As the Police Are Scorned and “Progressive” Prosecutors Settle In, Murder Explodes Across America

The New York Times today makes some efforts to explain away the story, but for the most part tells it straight up:  Murder is surging in cities across the country:

Overall crime is down 5.3 percent in 25 large American cities relative to the same period in 2019, with violent crime down 2 percent.

But murder in these 25 cities is up 16.1 percent in relation to last year. It’s not just a handful of cities driving this change, either. Property crime is down in 18 of the 25 sampled cities, and violent crime is down in 11 of them, but murder is up in 20 of the cities.

The story continues:

Homicides usually rise in the summer, which coincided this year with many people emerging from pandemic lockdown. In one recent weekend in Chicago, 14 people were killed and at least 106 people were shot, the most in eight years. And as The New York Times reported recently: “It has been nearly a quarter century since New York City experienced as much gun violence in the month of June as it has seen this year.” (On Sunday night, the city reportedly had nine killings in the previous 24 hours.)

You can already see how the rationalizing starts:  Murder rises in the summer anyway.  And that’s true, but didn’t we also have a summer in 2019?  Beyond that, as the Times quietly notes in the preceding paragraph, the Uniform Crime Reports, upon which its story is based, go “at least through the end of May.”  But summer doesn’t start in May.  It starts in June.  And the hottest months of summer are July and August, which the Times’ figures obviously do not include.  So no, it’s not the weather.

The report continues farther down the page:

An additional 11 cities provide year-to-date murder data. Murder is up 21.8 percent in all 36 cities with 2020 data through at least May, with 29 of those cities seeing an increase this year relative to last year.
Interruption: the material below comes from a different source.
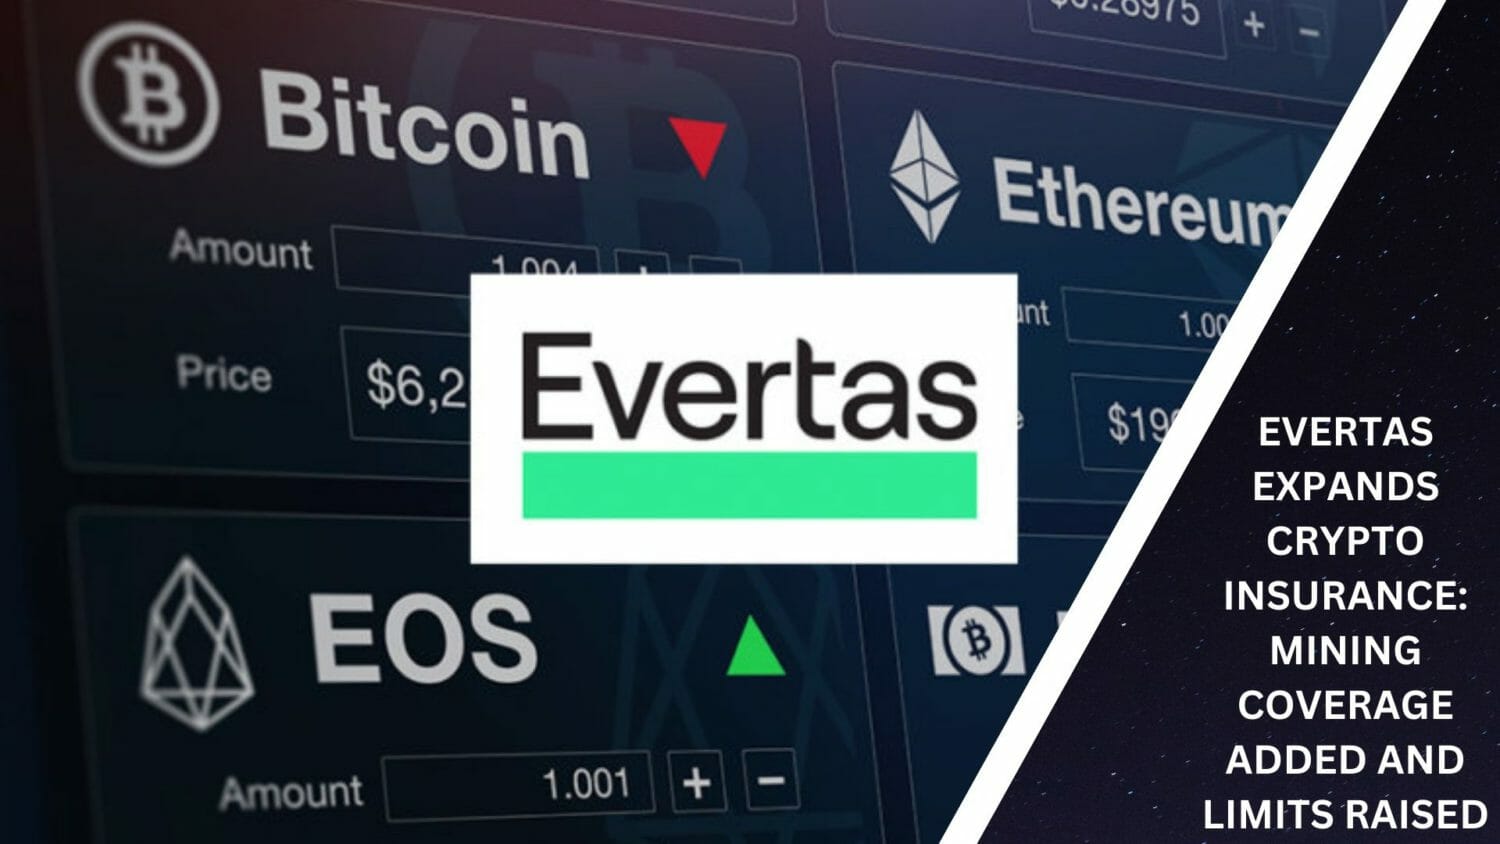 Evertas Expands Crypto Insurance: Mining Coverage Added And Limits Raised

So here’s the story.  In the 36 largest cities in the country, murder is up over 20% in the first half of 2020 over the same period last year.  If this were a speech by Bill Barr about the right of religious people to assemble in church even during the COVID outbreak, we would hear that what’s facing us is a “crisis.”  Where is the sense of alarm when murder  —  which disproportionately afflicts African Americans  —  is going through the roof?

Still, if we can’t blame the weather, maybe it’s the fabled loss of trust in the police:  “Some research suggests that a loss of trust in law enforcement can cause citizens to be reluctant to contact the police, and people may be more likely to take justice into their own hands to resolve disputes.”  To which the only sensible response is, how dumb do they think we are?  Are we supposed to believe that people who would otherwise seek help from the police to resolve their disagreements now decide that murder is the next best option?  Where is the evidence for that?  For that matter, where is the evidence that the citizenry  —  as opposed to the chattering classes in academia and the press  —  no longer trust the police?  As I’ve noted before, citizens most likely to become murder victims want more policing, not less.

There are, however, two things notably absent from the article’s efforts to explain the surge in murder:  The massive increase over the last several months of unhinged condemnation of law enforcement and attempts (through abolition, de-funding or “reform”) to weaken policing; and the ascendancy, in the very same large cities now at the center of the murder spree, of “progressive” prosecutors who think that police are the problem and going easier on criminals is the solution.